7. Effect of Termination.
     7.1. Termination for Death or Disability. It is expressly acknowledged and agreed that if Executive’s employment shall be terminated due to Executive’s death or Long-Term Disability, all of the obligations under Sections 1 through 5 of the Company and Executive shall cease except that the Company shall pay, or provide the following benefits, to Executive or his heirs, executors or administrators as applicable, without further recourse or liability to the Company:
  (i)   an amount equal to the unpaid portion of Executive’s Current Base Salary earned through the Termination Date;
 
  (ii)   an amount equal to the unpaid portion of Executive’s Annual Performance Incentive for the fiscal year that includes the Executive’s Termination Date (and to the extent earned but unpaid, for the completed fiscal year immediately preceding the Executive’s Termination Date), determined in accordance with Section 5.2, prorated for the number of days that Executive is actually employed by the Company in such fiscal year, and payable at the same time that payment of annual performance incentives are paid to other senior executives of the Company.

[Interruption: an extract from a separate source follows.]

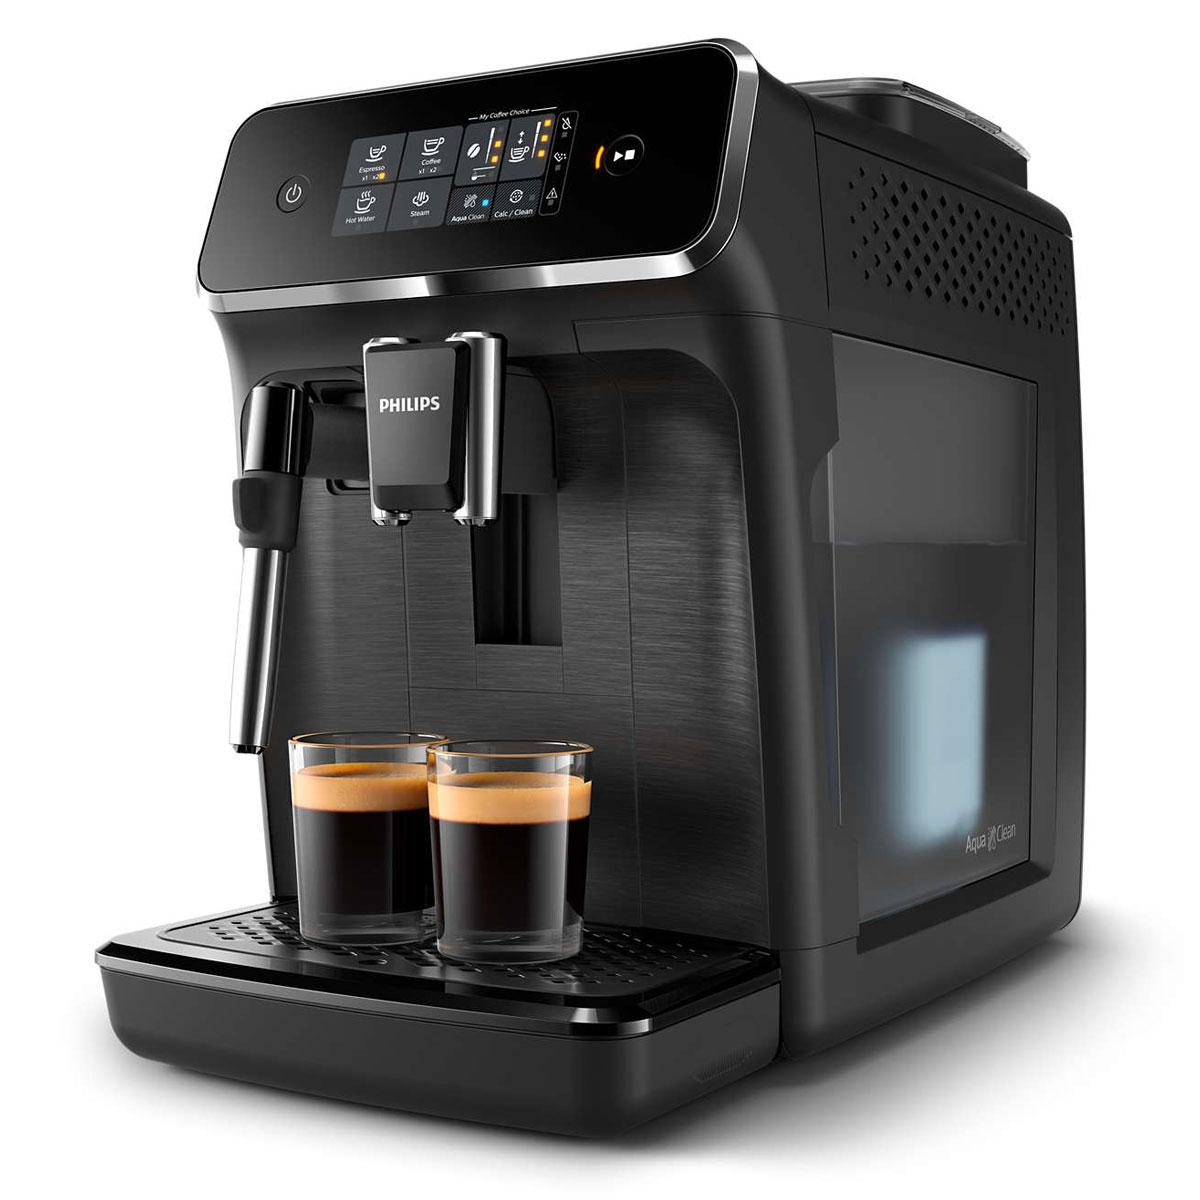 Philips / Saeco Series 2200 Classic Milk Frother Super Automatic Espresso Machine - EP2220/14

     7.2. Termination by the Company.
          7.2.1. Termination by the Company for Cause. It is expressly acknowledged and agreed that if Executive is terminated by the Company for Cause, all of the obligations under Sections 1 through 5 of the Company and Executive shall cease except that the Company shall pay immediately after the Termination Date the following amounts to the Executive without further recourse or liability to the Company:
  (i)   an amount equal to the unpaid portion of Executive’s Current Base Salary earned through the Termination Date.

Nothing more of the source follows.